Lo siguiente será aplastar a las instituciones y empresas particulares que participaron en la recepción, transporte y distribución de donativos, voluntarios y socorristas. Por eso estos organismos formales e informales no participan de ninguna manera, con pleno derecho, voz y voto, en la composición de este órgano estatal.

¿En dónde están las juntas cívicas de las provincias y cantones afectados? ¿En dónde están los colegios de profesionales técnicos y médicos, los sindicatos, las cámaras de industriales y de empresarios pequeños y grandes, los medios de comunicación, las asociaciones estudiantiles, las instituciones benéficas? ¿En dónde están las organizaciones humanitarias de todo el país que enfrentaron el desafío de llevar por su cuenta y riesgo, aliento, donativos y organización al caos que se creó después de la tragedia en ausencia del Estado?

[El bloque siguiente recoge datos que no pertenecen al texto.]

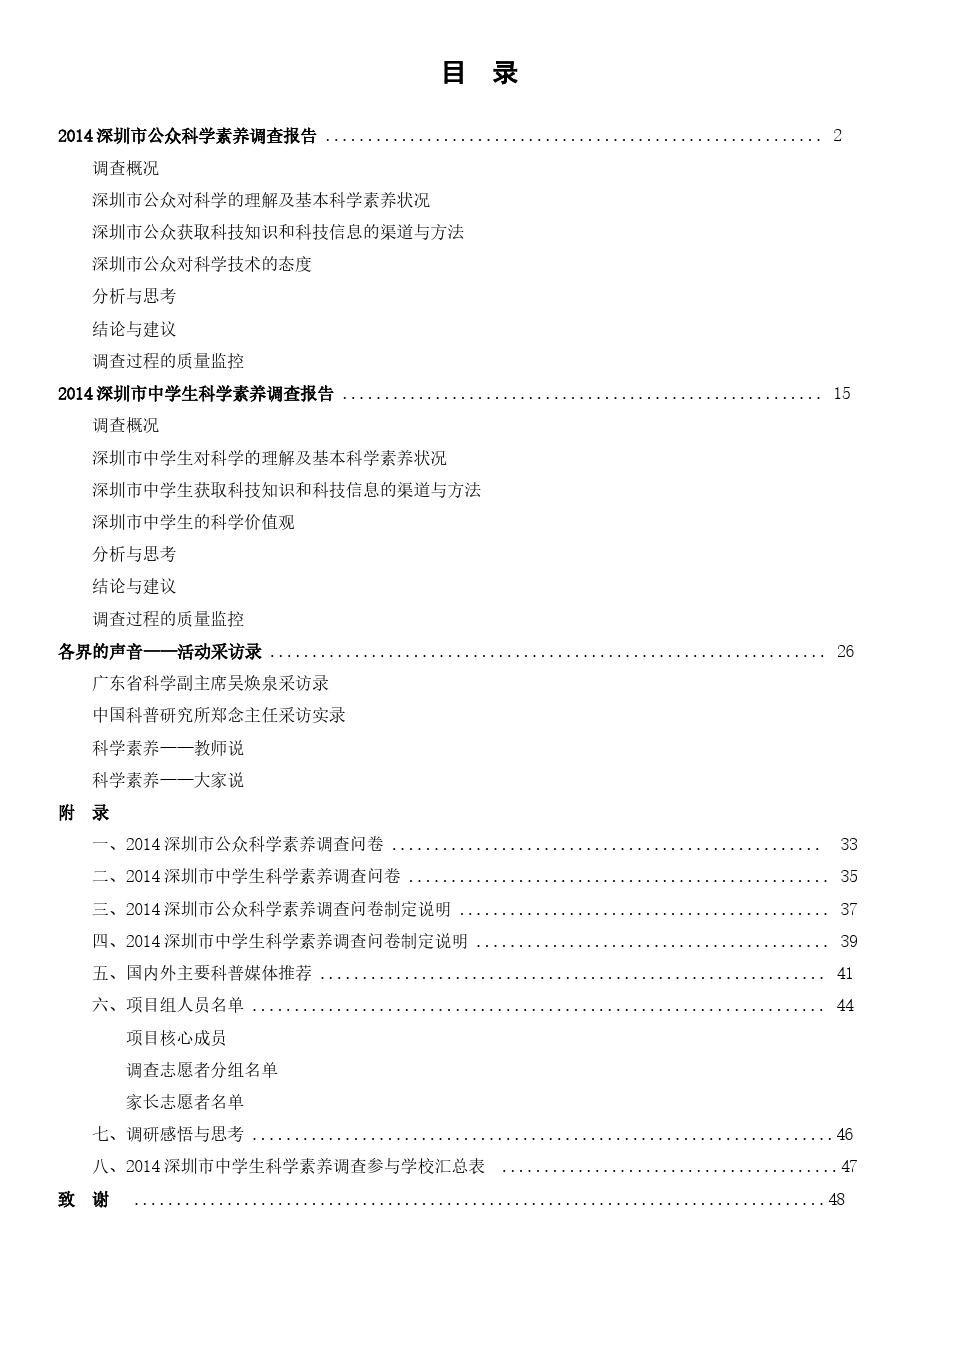 2014深圳市公众和中学生科学素养调查报告(内页)

Tomar en cuenta a los organismos de la sociedad civil sería reconocer que hicieron un buen trabajo. Sería aceptarlos como iguales al partido gobiernista. Sería dar la razón a su propuesta de constituir un fideicomiso público y aceptar “sus recetas [que] han quebrado y saqueado al país”, según el presidente Correa. Ya lo dijo en su sabatina: “Sería absurdo crear un fideicomiso en el sector público porque es privatizar lo público”. ¿Y los fideicomisos administrados por el gobierno a través del Banco Central, señor presidente? 

Antes de la tragedia del 16 de abril, el presidente Rafael Correa ya fue a quejarse en el Vaticano sobre la sociedad civil. Propuso tener cuidado con la gente, insinuando que el Estado es la única voz válida en su representación. El Estado no puede ser sustituido por una sociedad civil sin responsabilidad política, dijo.
Las sociedades no se organizan solo en las instituciones estatales, señor presidente. Sociedad, partidos, gobiernos y Estado son cuatro categorías distintas de la política que el correísmo confunde. Por eso ustedes desconocen cualquiera de las otras formas de organización social por fuera del Estado.

El desafío hoy consiste en reconstruir las zonas afectadas, generar empleo, reactivar la economía y elevar el ánimo de los damnificados. Pero la especialidad del correísmo es precisamente la propaganda que es la acción de propagar. Por eso se rehúsan a recortar el estado y el gasto, porque necesitan a todo funcionario y recurso para propagar sus argumentos y su campaña electoral. No es una casualidad que Vinicio Alvarado conforme el comité de Manabí. Glas y Alvarado son cruciales en esta decisión.

Moreno es el mejor candidato pero vendió mal su decisión de prestar su imagen. La tragedia lo ladeó. El truco es convertir a Glas en un buen candidato y ese es un ejercicio de campaña política.
El sufrimiento de todo un pueblo es su oportunidad electoral. La verdad debería avergonzarlos.